I was thinking about the "old days" as well. While I'm grateful for (and dependent upon!) many of the modern conveniences that make life easier and supposedly more enjoyable, I can't help but think how the desire to possess more and more of those things have contributed to a cheapening of the family. For example, I live in a 2-bedroom, one bath house in a neighborhood where many post-WWII moms and dads raised 3, 4, and sometimes more kids in those 2 (and in the case of the very well off, 3) bedrooms. When people come to see our newly remodeled house, one of the first things they say is, "What are you going to do if you have another one?" Since when has it become a mortal sin for kids to share bedrooms? The implication is that if children don't have their own everything - room, ipod, computer, you name it - the parents are somehow failing in their duties. (Not that I have any desire to stack kids like cordwood in one tiny bedroom, but it has been done before and no one seems the worse for wear.) :)
What are you people all doing up so late?! ;)
Kelly, I've been keeping my eye on triple-decker bunk beds on Ebay for a while now . . . the day may be coming! But thank God for his faithful people who in days of old built sturdy parsonages with lots of bedrooms.
Susan, I think that analysis is right on.

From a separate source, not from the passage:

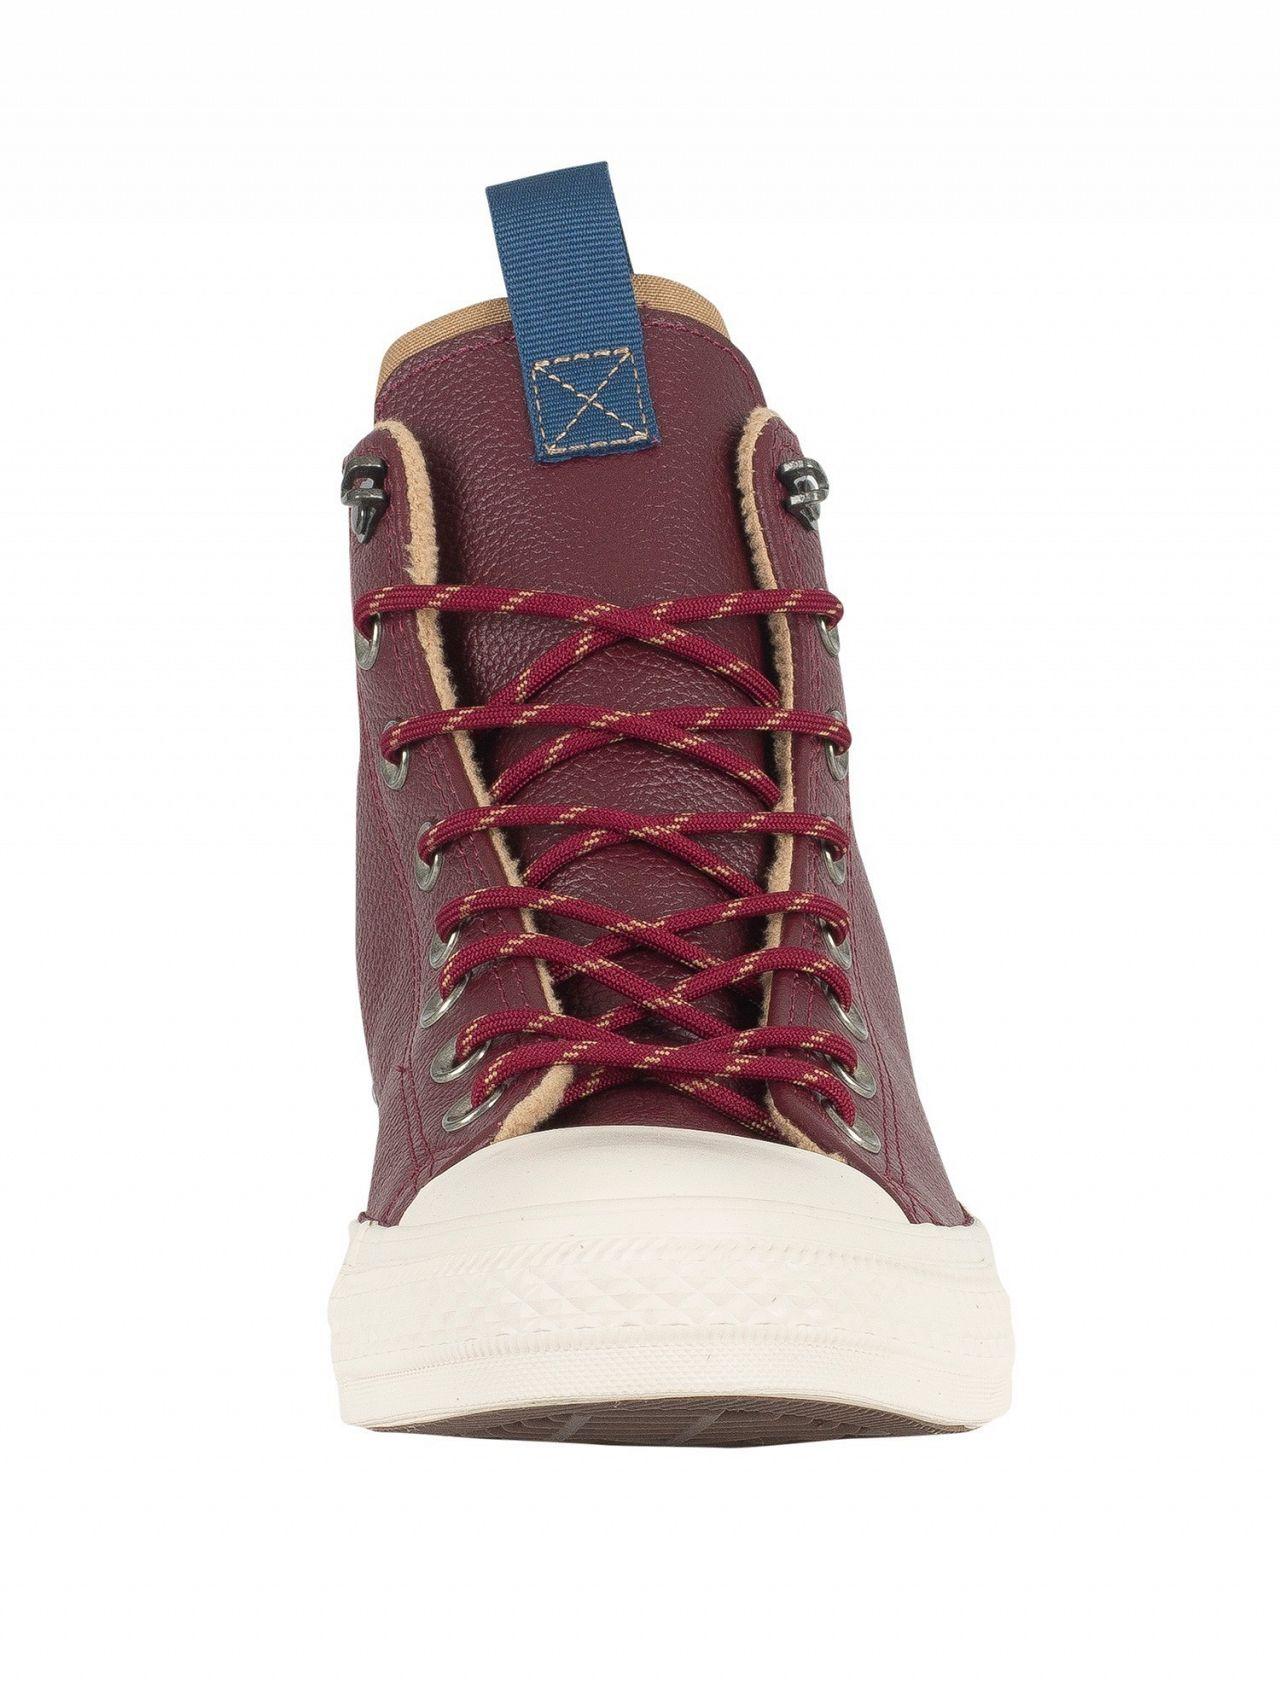 faaa53740c4e Converse Dark Burgundy Teak Driftwood CT All Star Leather Trainers ...

And Rebecca--good to hear from you. :) Let me ponder those questions into a post for you, ok?
Rebekah,
Hang in there. I'm expecting my 7th baby and my first four were very close in age. I've been surprised at how little help I've been offered over time. I assume that most figure I got myself into this, so I must be able to do this on my own. I've always been afraid to look frazzled and worn out and I've been afraid people would talk if my kids looked messy and unkempt. Finally, after my 6th, I stopped worrying about what other people thought and started concentrating on what God thinks. He doesn't care if my kids or my house are a mess. He only cares that I am raising the gifts He has given me in his love. This has been very liberating for me and now I'm much more peaceful and truly happy. Also, now my 16,15 and 13 year old girls are invaluable helpers to me. May God give you the help and strength you need.
Yours in Christ,
Heidi Heidenreich
Rebecca--Good questions! I look forward to future conversations on Rebekah's pending post :) I'm sure you'll have an interesting perspective to lend.
I think y'all are right on with the lack of community/those who are going thru similar things or who have been here, done this. Hey, let's buy some land and start a CSPP commune! Well, at least we've got some virtual community for now...
Heidi,
Nice to know that they do grow up and get helpful eventually--at least the girls! Anyone have any hope to offer me about whether boys of that age are similarly helpful?!
Thanks, Heidi. I'm far from having perfected the art of not caring if the mess I've been wanting to deal with for weeks isn't going to get dealt with today either. But I think the kids still like me so maybe I haven't failed yet.